## DATA FOR THIS TASK
········
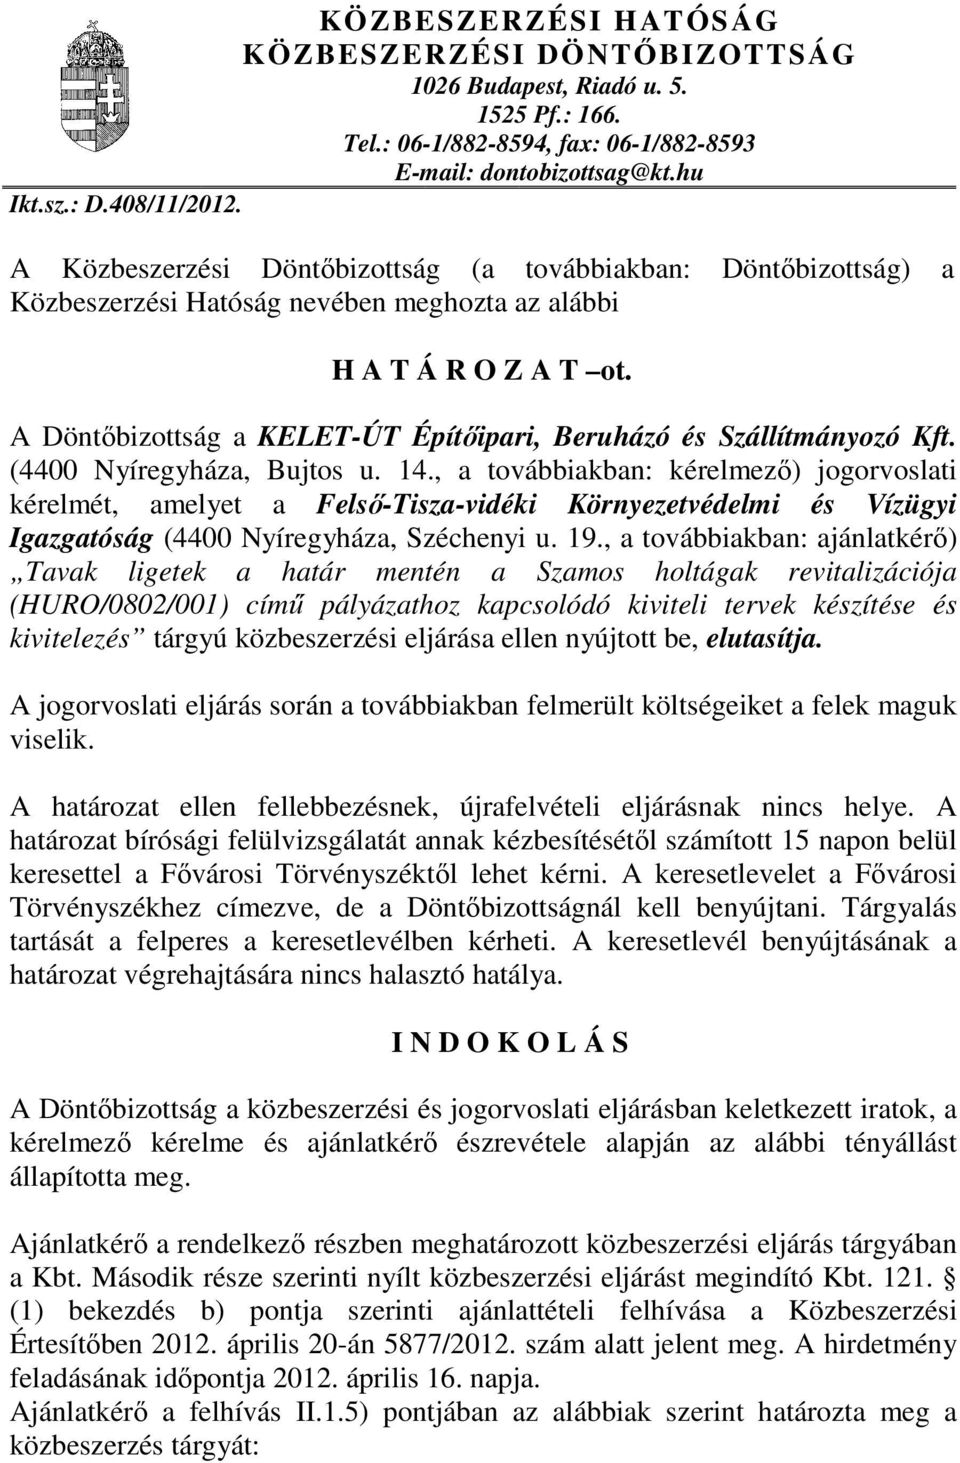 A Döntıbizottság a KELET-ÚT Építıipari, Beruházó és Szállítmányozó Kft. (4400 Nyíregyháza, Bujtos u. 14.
········
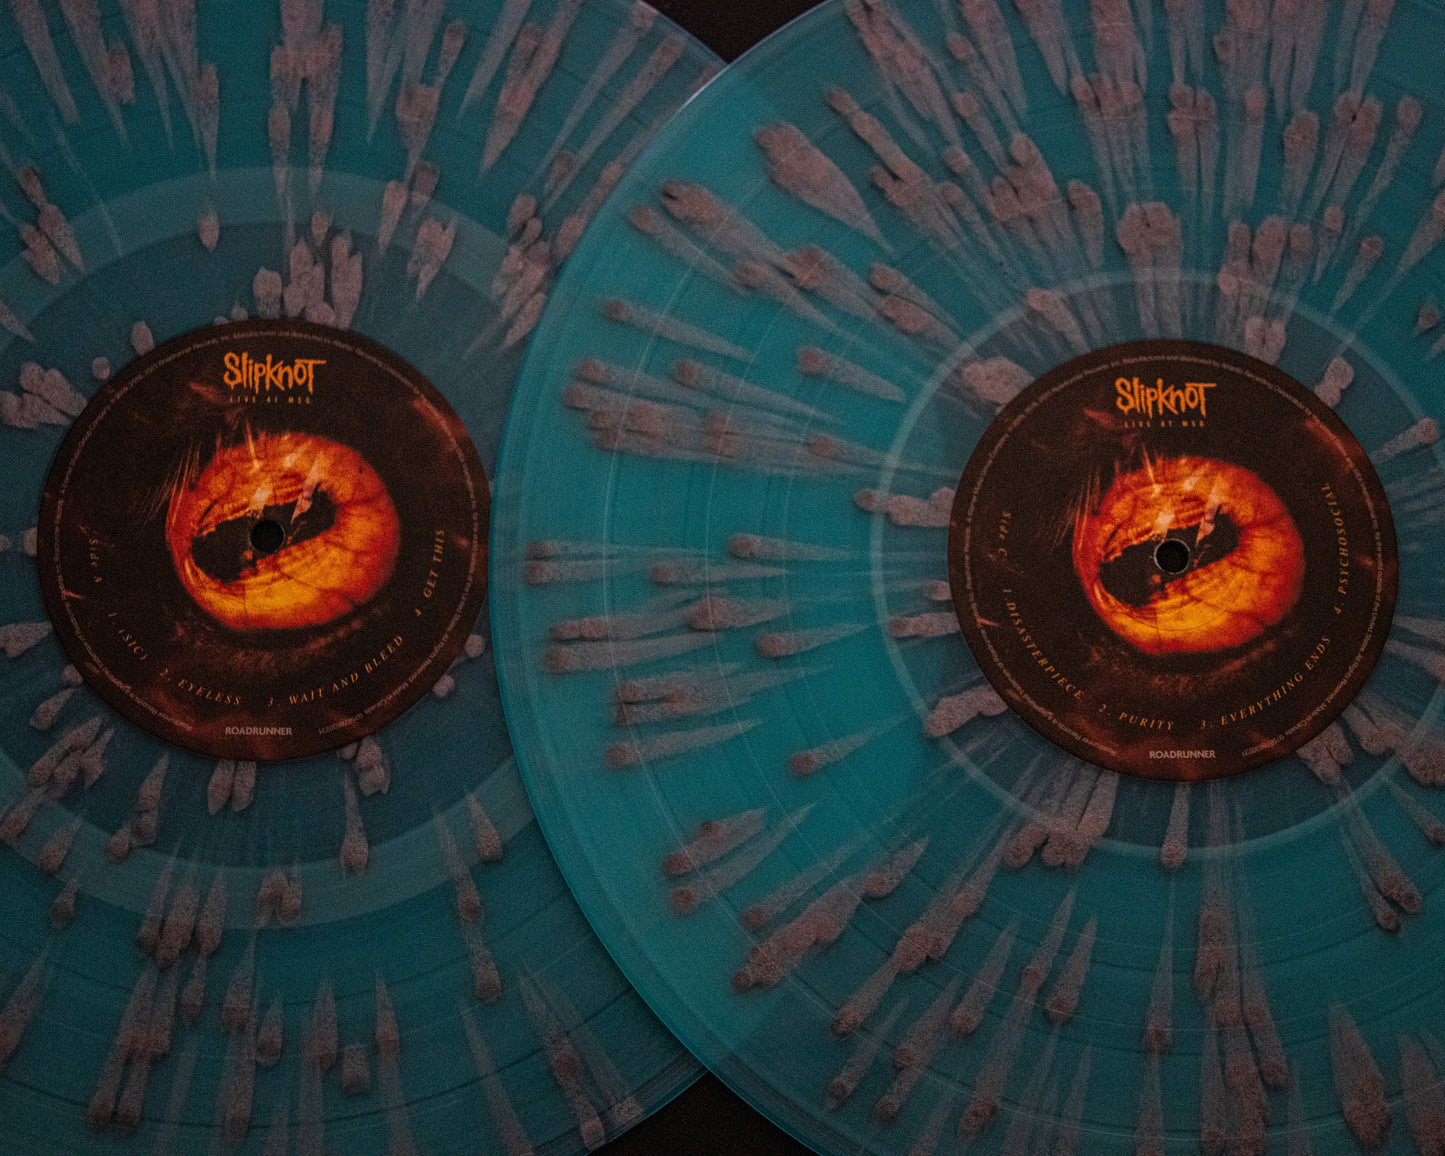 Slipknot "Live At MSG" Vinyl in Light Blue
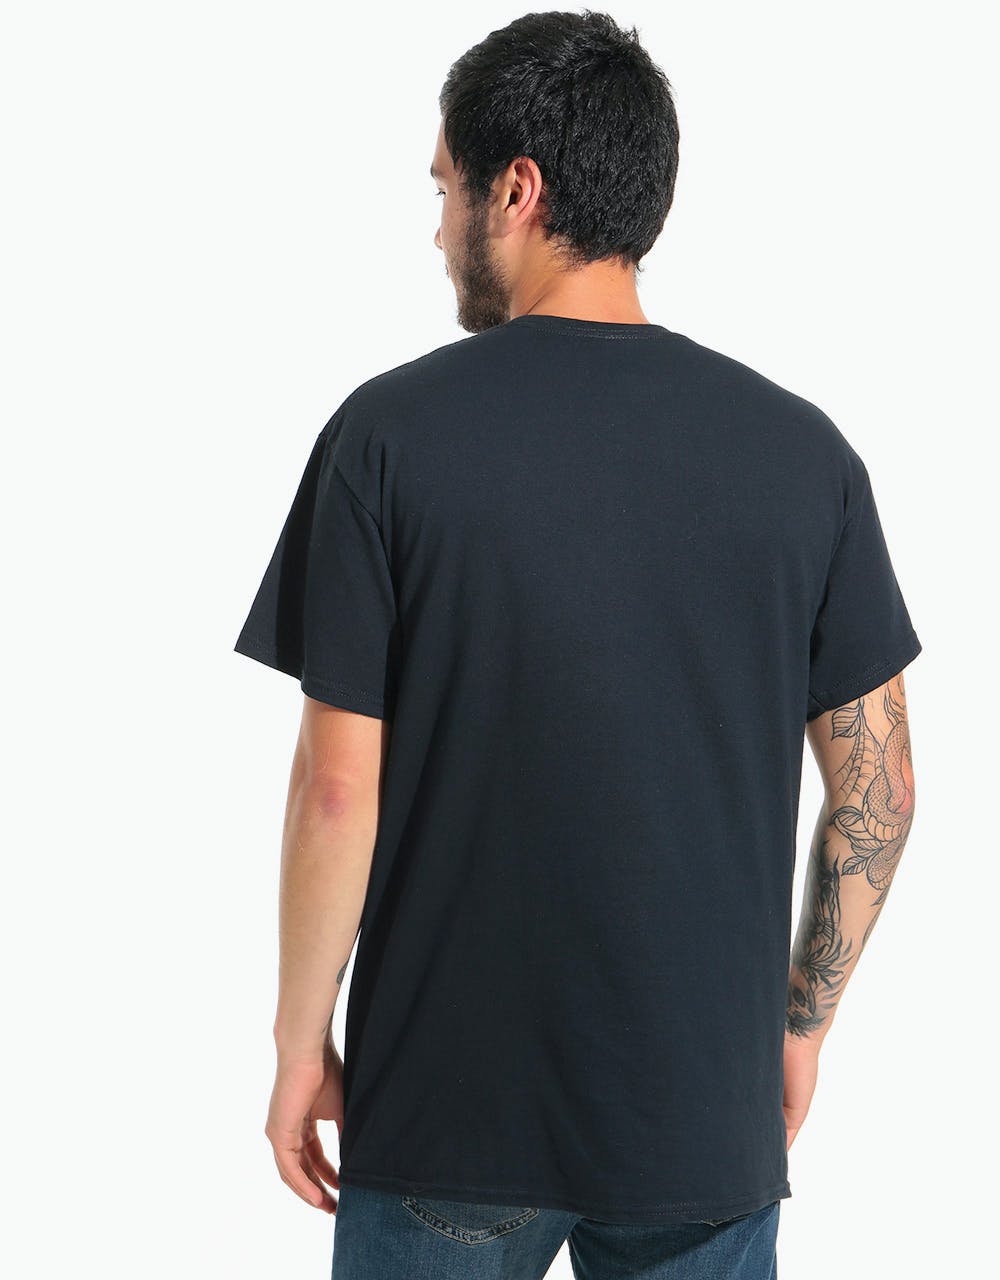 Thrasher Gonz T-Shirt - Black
········
## BRIEF
Copy out exactly the material that runs from the line with "in Light Blue" to the line with "Thrasher Gonz T-Shirt - Black", ends included, and leave the pictures behind.

## TASK ANSWER
 Slipknot "Live At MSG" Vinyl in Light Blue
 Thrasher Gonz T-Shirt - Black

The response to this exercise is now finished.